On the other hand, the connecting rod 173 extends in the Y direction and is perpendicular to the driving rod 172. Furthermore, the driving rod 172 is connected to the cathode plate 130 through the connecting rod 173. When the driving rod 172 is driven by the motor 171 to rotate around the axis AX, the connecting rod 173, the cathode plate 130, the object to be plated 10, the first bracket 160a, and the second bracket 160b are adapted to rotate around the axis AX synchronously with the driving rod 172. In addition, a rotation speed of the motor 171 may range from 5 rpm to 400 rpm.
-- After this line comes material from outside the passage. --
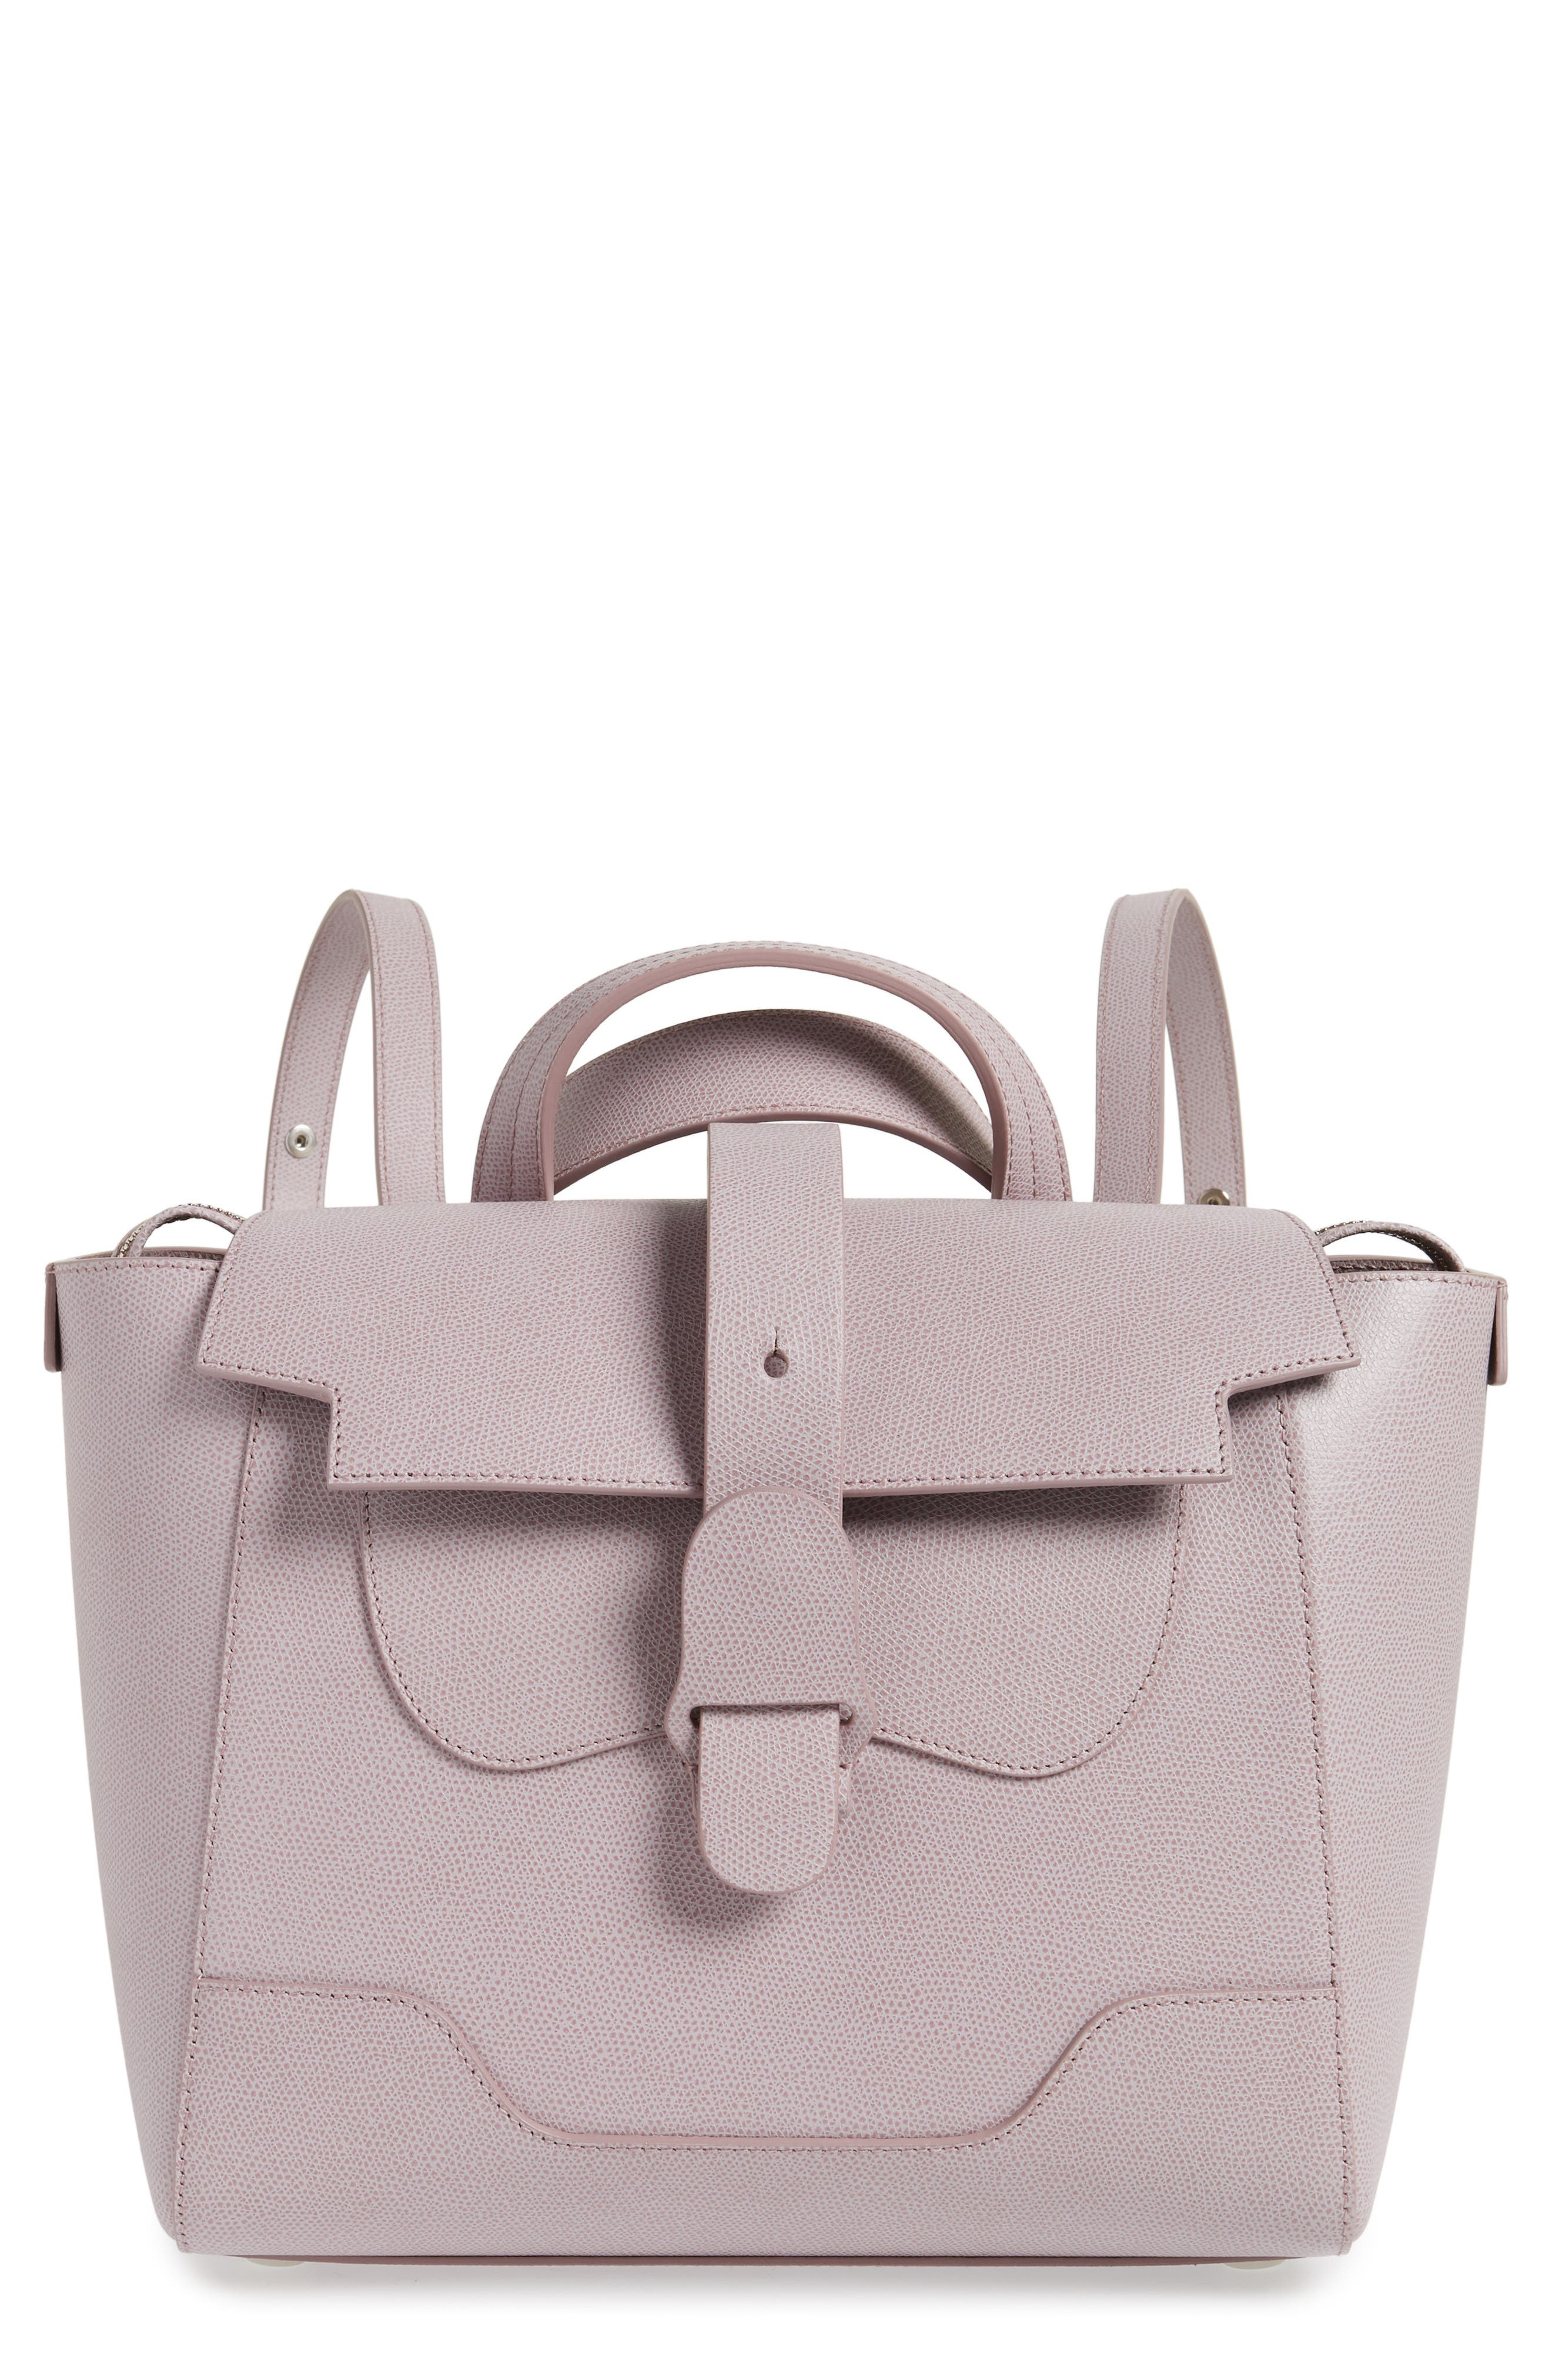 SENREVE Handbags   Wallets for Women  a7801a01dd

Since the object to be plated 10 can be swung along a specific path in the electroplating solution by the eccentric swing module 170, and has a moving stroke in the Y direction and Z direction, the uneven or incomplete filling of the each of the through holes 11 may be improved, so as to ensure that each of the through holes 11 may be completely filled to form a conductive through hole without voids.
For example, the eccentric distance D3 may be 1/10 to ½ times a distance D4 from an edge of the object to be plated 10 to a center of the object to be plated 10. For example, if the object to be plated 10 is a circular object, the center of the object to be plated 10 may be the center of the circle, and the distance D4 may be the radius of the object to be plated 10. For example, if the object to be plated 10 is a geometrically shaped object to be plated, the center of the object to be plated 10 may be the geometric center. For example, if the object to be plated 10 is a parallelogram, the center of the object to be plated 10 may be the geometric center, i.e., the intersection of the two diagonals of the parallelogram.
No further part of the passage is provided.